CAS Key Laboratory of Marine Ecology and Environmental Sciences, Institute of Oceanology, Chinese Academy of Sciences, Qingdao, China; Laboratory for Marine Ecology and Environmental Science, Qingdao Marine Science and Technology Center, Qingdao, China; University of Chinese Academy of Sciences, Beijing, China.
CAS Key Laboratory of Marine Ecology and Environmental Sciences, Institute of Oceanology, Chinese Academy of Sciences, Qingdao, China; Laboratory for Marine Ecology and Environmental Science, Qingdao Marine Science and Technology Center, Qingdao, China.
Sci Total Environ. 2024 Nov 25;953:176138. doi: 10.1016/j.scitotenv.2024.176138. Epub 2024 Sep 10.

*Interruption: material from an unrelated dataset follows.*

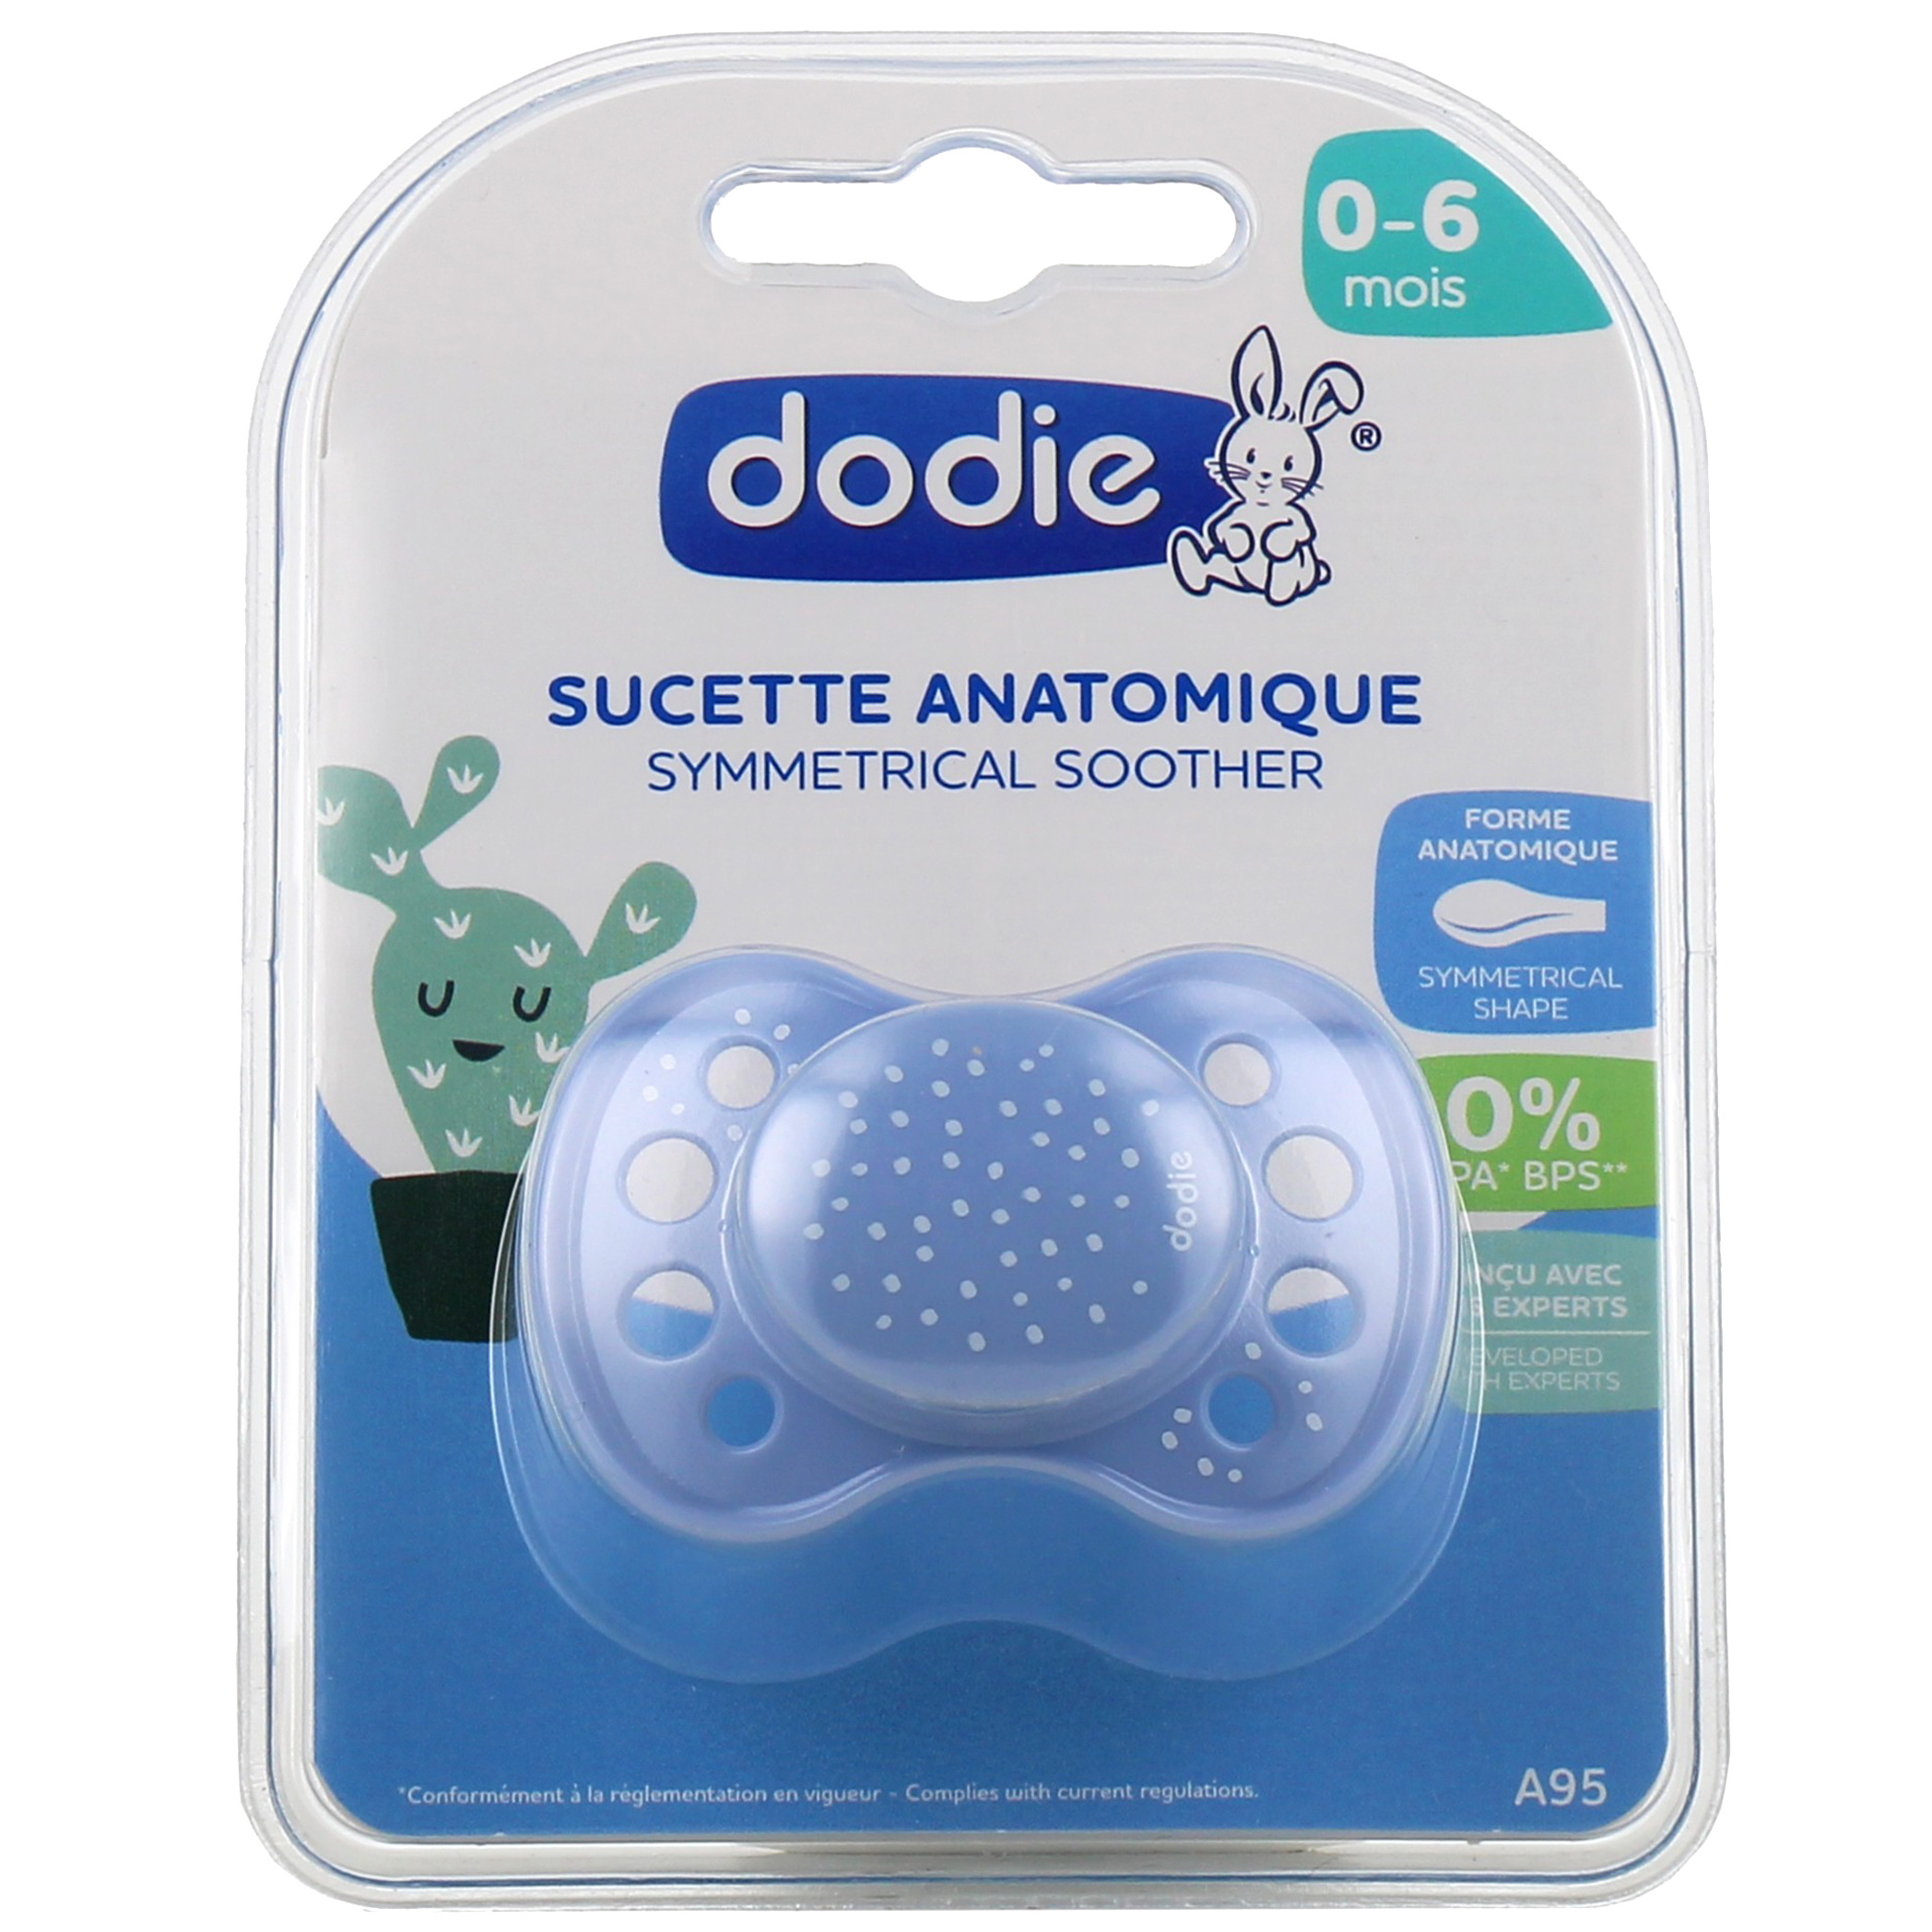 DODIE SUCETTE ANATOMIQUE SILICONE 0-6 MOIS N39 - My Mall Beauty

In an era marked by unprecedented anthropogenic change, marine systems are increasingly subjected to interconnected and dynamic external stressors, which profoundly reshape the behavior and resilience of marine ecological components. Nevertheless, despite widespread recognition of the significance of stressor interactions, there persist notable knowledge deficits in quantifying their interactions and the specific biological consequences that result. To bridge this crucial gap, this research detected and examined the causal relationships between five key exogenous stressors in a complex estuarine ecosystem. Furthermore, a Bayesian Hierarchical Spatio-temporal modeling framework was proposed to quantitatively evaluate the distinct, interactive, and globally sensitive effects of multiple stressors on the population dynamics of a crucial fish species: Harpadon nehereus. The results showed that interactions were detected between fisheries pressure (FP), the Pacific Decadal Oscillation index (PDO), runoff volume (RV), and sediment load (SL), with five of these interactions producing significant synergistic effects on H. nehereus biomass. The SLPDO and RVPDO interactions had positive synergistic effects, albeit through differing processes. The former interaction amplified the individual effects of each stressor, while the latter reversed the direction of the original impact. Indeed overall, the synergistic effect of multiple stressors was not favorable, with FP in particular posing the greatest threat to H. nehereus population. This threat was more pronounced at high SL or negative PDO phases. Therefore, local management efforts aimed at addressing multiple stressors and protecting resources should consider the findings. Additionally, although the velocity of climate change (VoCC) failed to produce significant interactions, changes in this stressor had the most sensitive impacts on the response of H. nehereus population. This research strives to enhance the dimensionality, generalizability, and flexibility of the quantification framework for marine multi-stressor interactions, aiming to foster broader research collaboration and jointly tackle the intricate pressures facing marine ecosystems.
在一个人类活动前所未有的变革时代,海洋系统越来越受到相互关联和动态的外部胁迫的影响,这些胁迫深刻地改变了海洋生态组成部分的行为和恢复力。尽管人们普遍认识到胁迫相互作用的重要性,但在量化它们的相互作用以及由此产生的特定生物学后果方面,仍然存在明显的知识缺陷。为了弥合这一关键差距,本研究在一个复杂的河口生态系统中检测并检验了五个关键外源胁迫之间的因果关系。此外,还提出了一个贝叶斯分层时空建模框架,以定量评估多种胁迫对关键鱼类物种哈氏仿对鱼种群动态的独特、交互和全球敏感影响。结果表明,渔业压力(FP)、太平洋十年涛动指数(PDO)、径流量(RV)和泥沙负荷(SL)之间存在相互作用,其中五个相互作用对哈氏仿对鱼生物量产生了显著的协同效应。SLPDO 和 RVPDO 相互作用具有正协同效应,尽管作用过程不同。前者相互作用放大了每个胁迫的单独影响,而后者则改变了原始影响的方向。事实上,多种胁迫的协同效应并不有利,尤其是 FP 对哈氏仿对鱼种群构成了最大威胁。在 SL 较高或 PDO 为负的阶段,这种威胁更为明显。因此,旨在解决多种胁迫和保护资源的地方管理工作应考虑到这些发现。此外,尽管气候变化速度(VoCC)未能产生显著的相互作用,但该胁迫的变化对哈氏仿对鱼种群响应的影响最为敏感。本研究旨在提高海洋多胁迫相互作用量化框架的维度、通用性和灵活性,以促进更广泛的研究合作,共同应对海洋生态系统面临的复杂压力。